Leva de 45 à 50 minutos uma viagem de ônibus de Charqueadas a Porto Alegre. O tempo exato para se fazer uma porção de coisas...
Pensar na vida, ler algo, tirar uma soneca, visitar as lembranças... Minha mãe levava eu e minha irmã, quando pequenos, para a capital. Embarcávamos lá na Colônia, o Vitória entrava e pegava os passageiros em frente à igreja. Íamos no banco da janela e ela ao lado, no corredor. Contávamos as vacas pela viagem, dentre outros deleites infantis. Porto Alegre era tão diferente da Colônia da Rua da Paineira, da beira do Jacuí, do Casarão, da PEJ, do quartel da brigada do tenente Nelson, da igreja do padre Vilmo, da terreira do seu Caldeira, da tenda da dona Jussara, do Ramiro Barcellos da diretora Chiquita, do zelador Darci e das professoras Bete e Liliane. Era enorme, gigantesca, com ruas movimentadas e intermináveis e prédios altos. O das tias paternas Nazinha e e Lizett, Astarte, na rua Santo Antônio, era um desses. O apartamento ficava no terceiro andar e a gente subia de elevador! Uau syl, que barato, era o máximo! Íamos até lá de táxi laranja, fucas sem o assento do carona, com taxímetros mecânicos e manuais, muito modernos. Outro mundo, outro planeta, outra galáxia.

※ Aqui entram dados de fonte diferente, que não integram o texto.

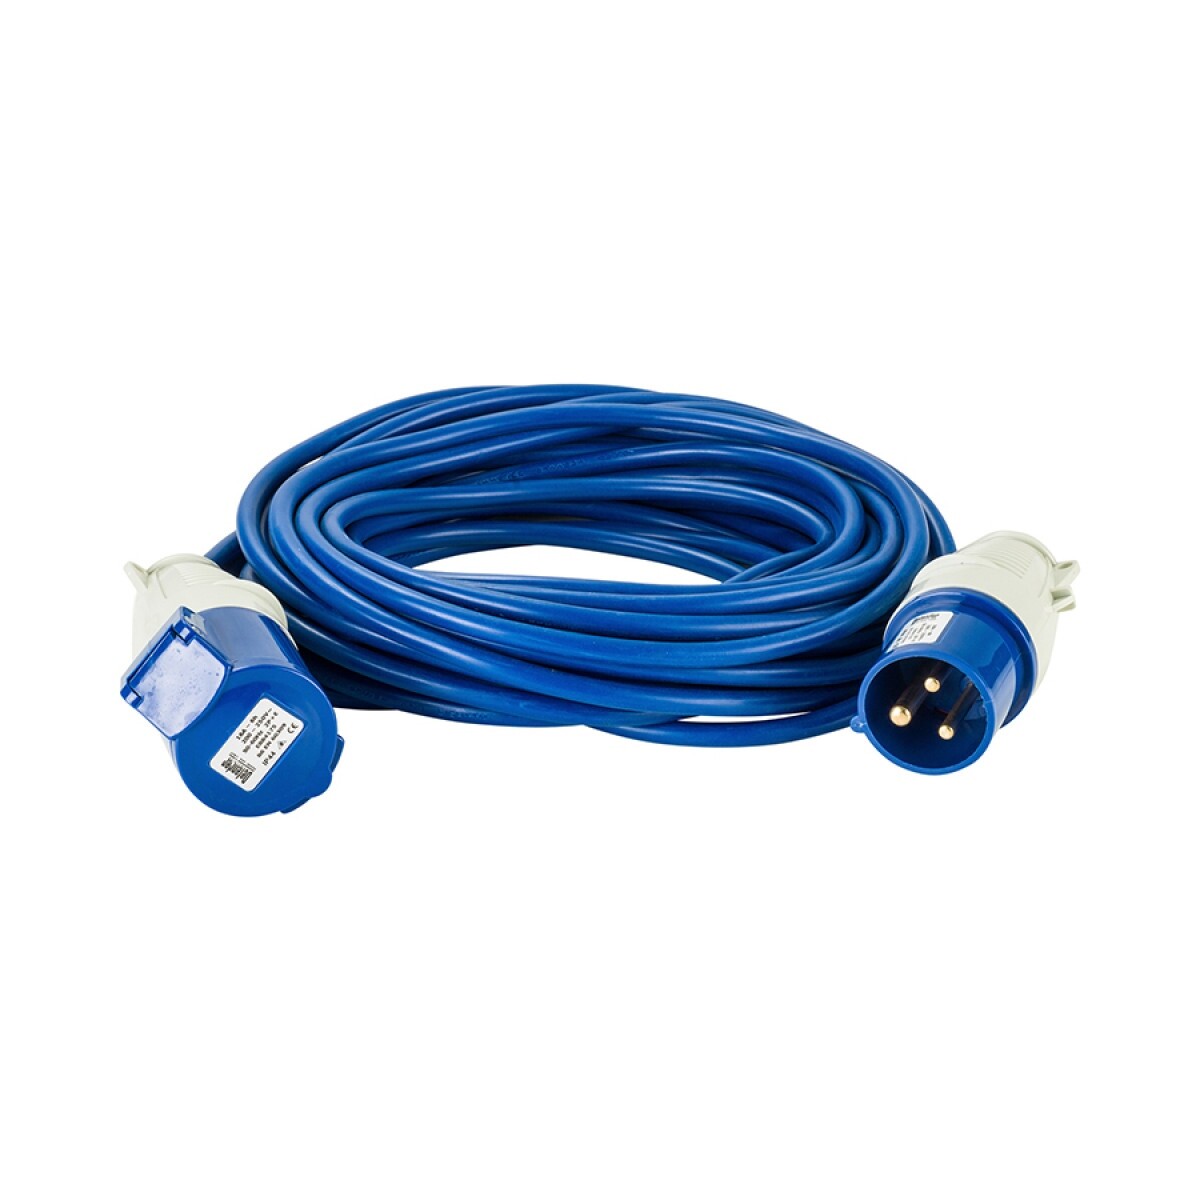 240v Industrial Commando Leads

Seguido, quando sento na poltrona do Vitória e vou pra lá, essas memórias vem, principalmente agora que a maioria dessas pessoas está estacionada no Júlio Rosa, em viagem só de ida, rumo à eternidade. Minha irmã é viva, mas mora em outra casa, tem a vida dela e a família dela. Tudo passa. Era um tempo bom, onde nossa mãe nos olhava e sorria, o sorriso mais lindo do mundo, emanando, incondicionalmente, amor, ternura, acolhimento, segurança, conforto. As tias nos recebiam com doces e nos enchiam de mimos. A Porto Alegre de minha infância era uma festa nos 1970, assim como a Paris de Hemingway de 1920. Não havia shoppings, mas sim as bancas do Mercado Público, as lojas de departamentos e os cinemas de bairro. Mas bah, quando íamos ao cinema, daí sim, a festa era completa. Éramos felizes e sabíamos.
Logo, sempre que vou a Porto Alegre de ônibus sinto um prazer arraigado em minha alma, que remonta às minhas origens. Faz um bem danado, ô se faz! Chego, como algo na rodoviária e circulo pela cidade, que ainda me desperta encantamento. No retorno o mesmo prazer, aquele espaço de tempo em que dá pra descansar e aproveitar a vida, furungando um livro, gibi ou revista recém comprados, livre de qualquer demanda. É sentar e relaxar durante a viagem de volta, usufruindo daquilo que considero um dos prazeres da minha vida, desde sempre. A vida não volta atrás, mas pode ser bela nas coisas simples, triviais e corriqueiras do cotidiano.